In Fig. 3, 1 is a Korotkoff sound sensor (K
The K-sound sensor 1 consists of a microphone, etc., and the signal detected by the K-sound sensor 1 as shown in Figure 4a is passed through a Korotkoff sound filter (K-sound filter) 2 to extract only the K-sound signal as shown in Figure 4b. Detect.
This K sound signal is passed through the first comparator 3 to obtain an output as shown in FIG. 4c, and passed through the expansion circuit 4 to obtain a signal as shown in FIG. 4d. This signal is input to the control circuit 5. The process up to this point is the same as the conventional K sound detection method.

Next, a circuit for detecting voiced sounds will be explained. A certain period of time (approx.
10 to 100 msec), the gate signal generating circuit 7 generates a delayed signal as shown in FIG. Generates a gate signal of ~200msec). On the other hand, a signal as shown in FIG. 4g is obtained through a second comparator 8 which adjusts the output of the K sound filter 2 to a level suitable for detecting voiced sounds. This signal and the gate signal are passed through an AND gate 9 to detect the dullness of the K sound as shown in FIG. Further, the pressure within the cuff band 10 is detected by a pressure transducer 11 and input to the control circuit 5. In the control circuit 5, the pressure transducer 1 when the output of the expansion circuit 4 first occurs
The cuff pressure obtained from step 1 is displayed as the systolic blood pressure value, and the cuff pressure that occurs last is displayed on the display 12 as the diastolic blood pressure value.

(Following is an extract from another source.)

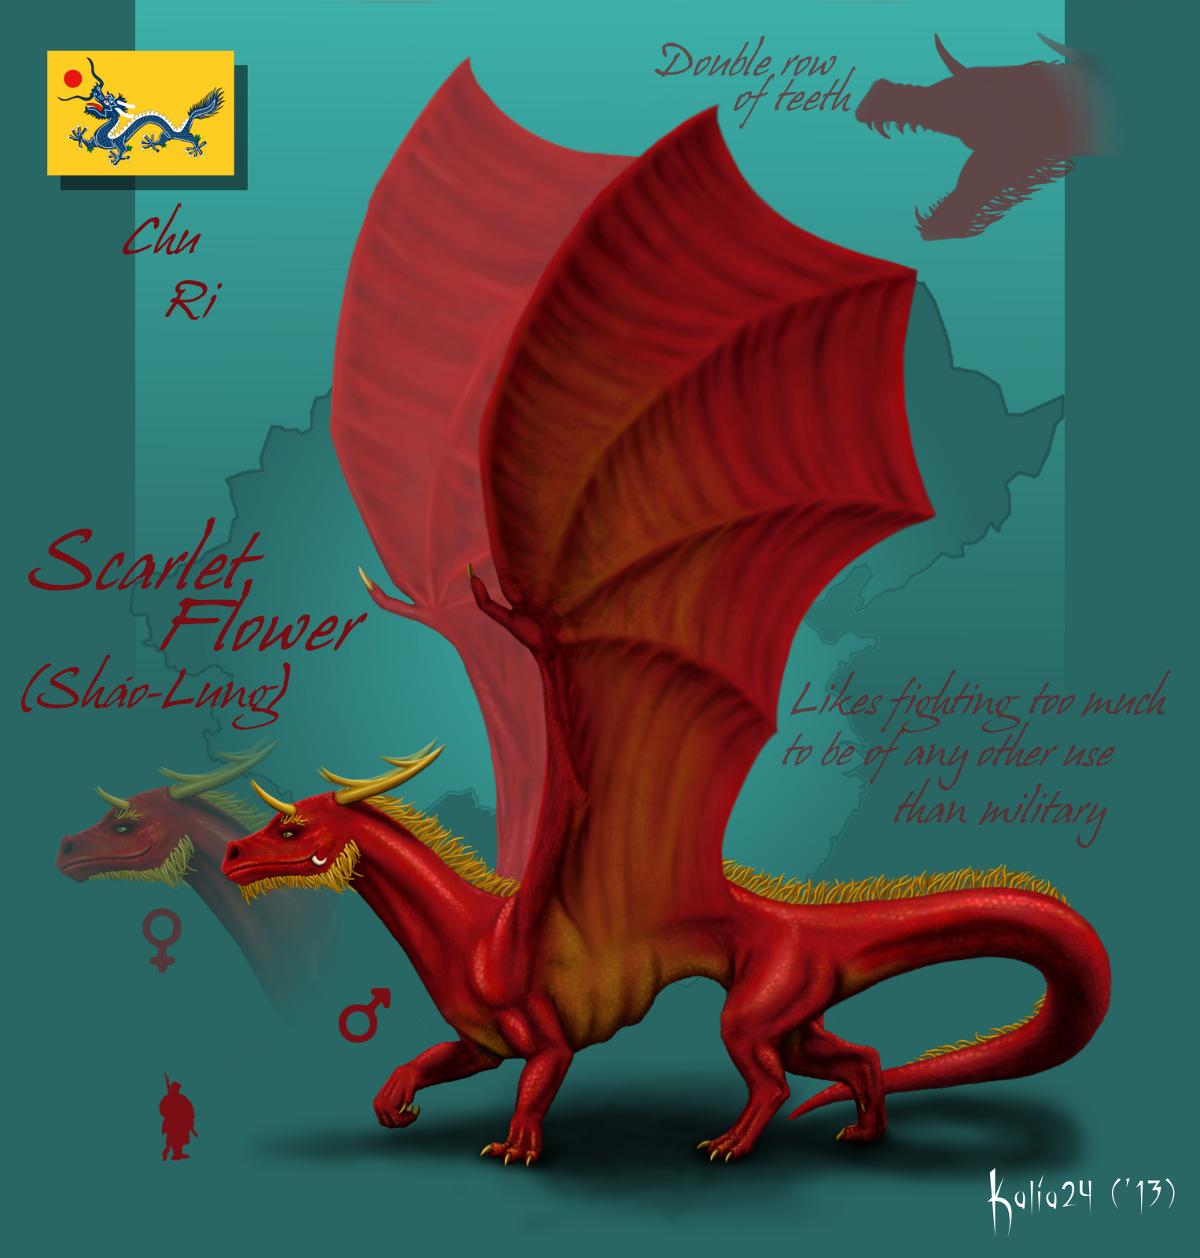 Scarlet Flower by Kalia24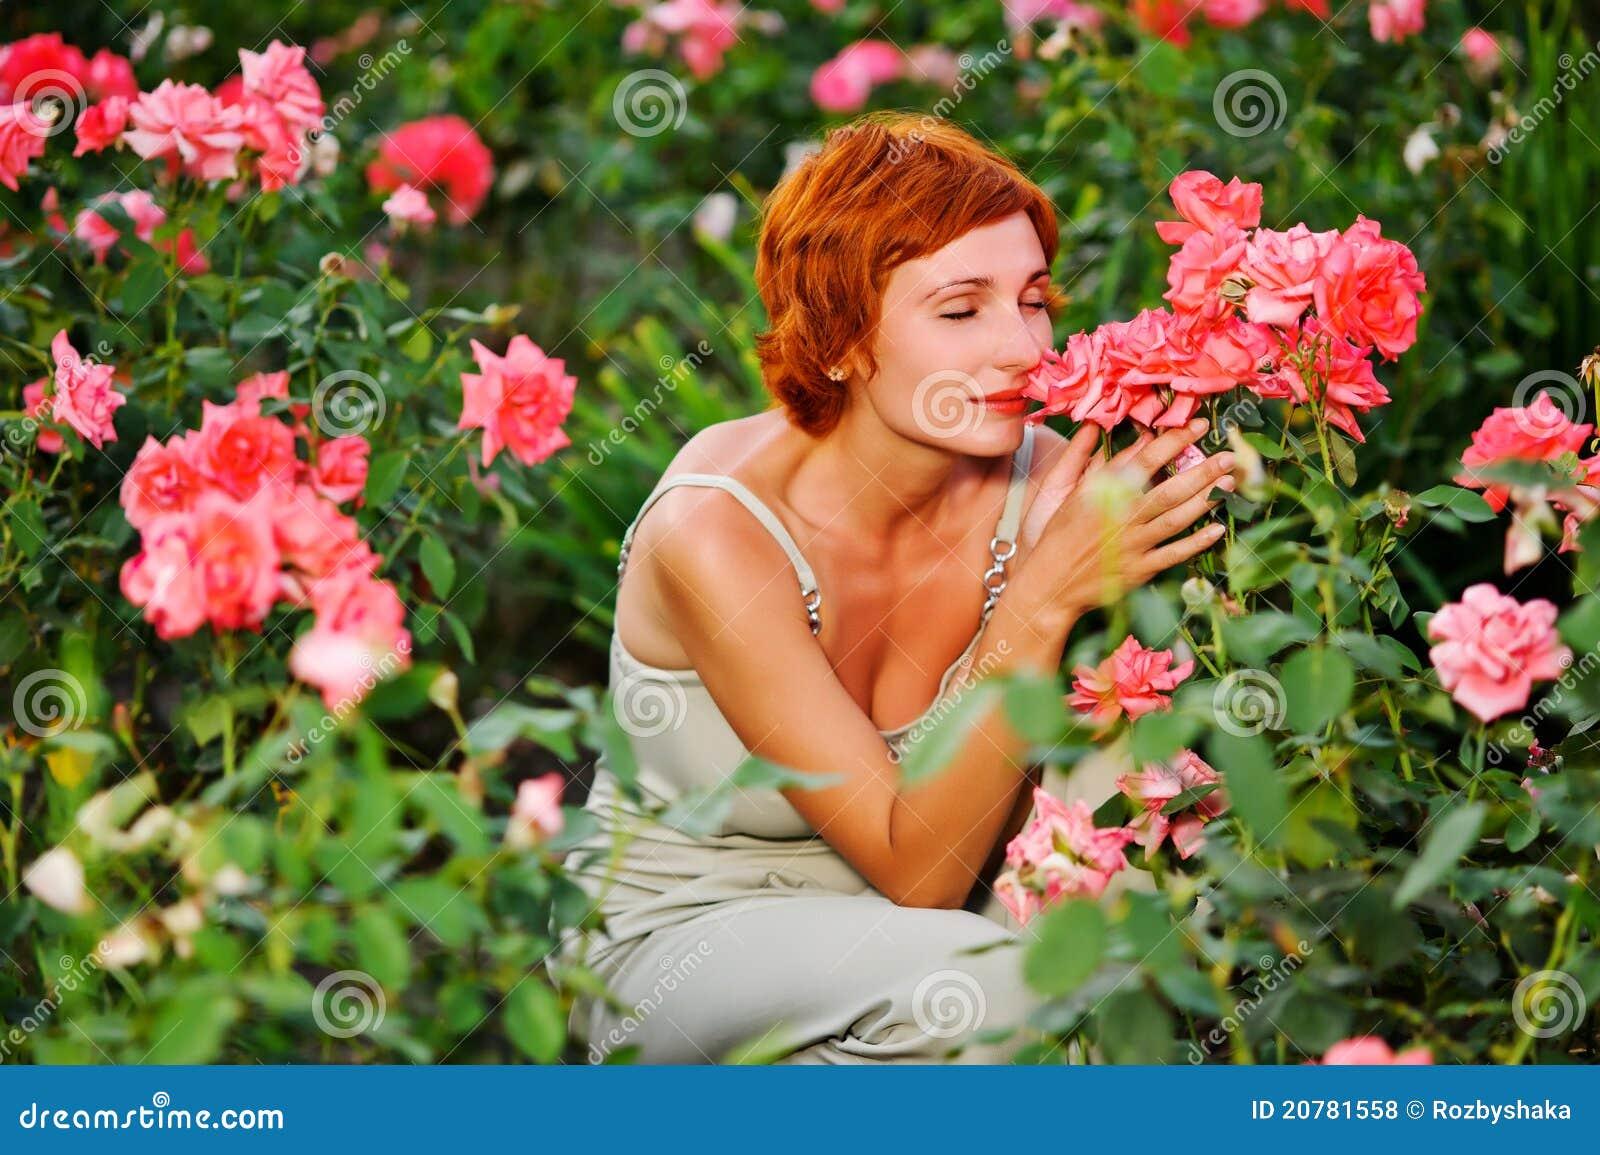 Mujer En Un Jardín De Rosas Foto de archivo - Imagen de cara ...

Furthermore, when a voiced sound is detected during the continuous generation of the K sound and the output of the AND gate 9 is obtained, the second phase of the voiced sound is detected by a part of the display 12 or another display immediately or after the blood pressure measurement is completed. , informs you that blood pressure measurement was possible under good conditions.

As described above, the present invention includes a gate means that is turned on for a predetermined time after a predetermined time from the time of detection of Korotkoff sounds, and a second Korotkoff sound detection means whose detection level is set to a level corresponding to the detection of voiced sounds,
The detection output of the second Korotkoff sound detection means that passes while the gate means is on is used as the second-phase voiced sound detection output, and the presence of the detection output is displayed by the voiced sound detection display means. Because of this, when measuring blood pressure, the subject can evaluate for himself whether or not he was able to measure blood pressure in the correct condition, which has the effect that anyone can measure blood pressure in the correct condition.

[Brief explanation of the drawing]

Figure 1 is a characteristic diagram of Korotkoff sound, Figure 2 a, b
3 is a block circuit diagram of an embodiment of the present invention, and FIGS. 4a to 4h are waveform diagrams of main parts of the same Korotkoff sounds. 1...Korotkoff sound sensor, 2...Korotkoff sound filter, 5...control circuit, 6...delay circuit,
7...Gate signal generation circuit, 12...Display device.

Claims (1)

[Claims] 1. Detection of Korotkoff sounds in a blood pressure monitor equipped with a first Korotkoff detection means for detecting Korotkoff sounds of a certain level or higher, and means for displaying the maximum and minimum values of cuff cuff pressure at the time of detection of each Korotkoff sound. The second Korotkoff sound detection means is provided with a gate means that is turned on for a certain time after a certain time from the point in time, and a second Korotkoff sound detection means whose detection level is set to a level corresponding to the detection of voiced sounds. A blood pressure monitor characterized in that the detection output of the detection means is a second-phase voiced sound detection output, and the presence of the detection output is displayed by a voiced sound detection display means.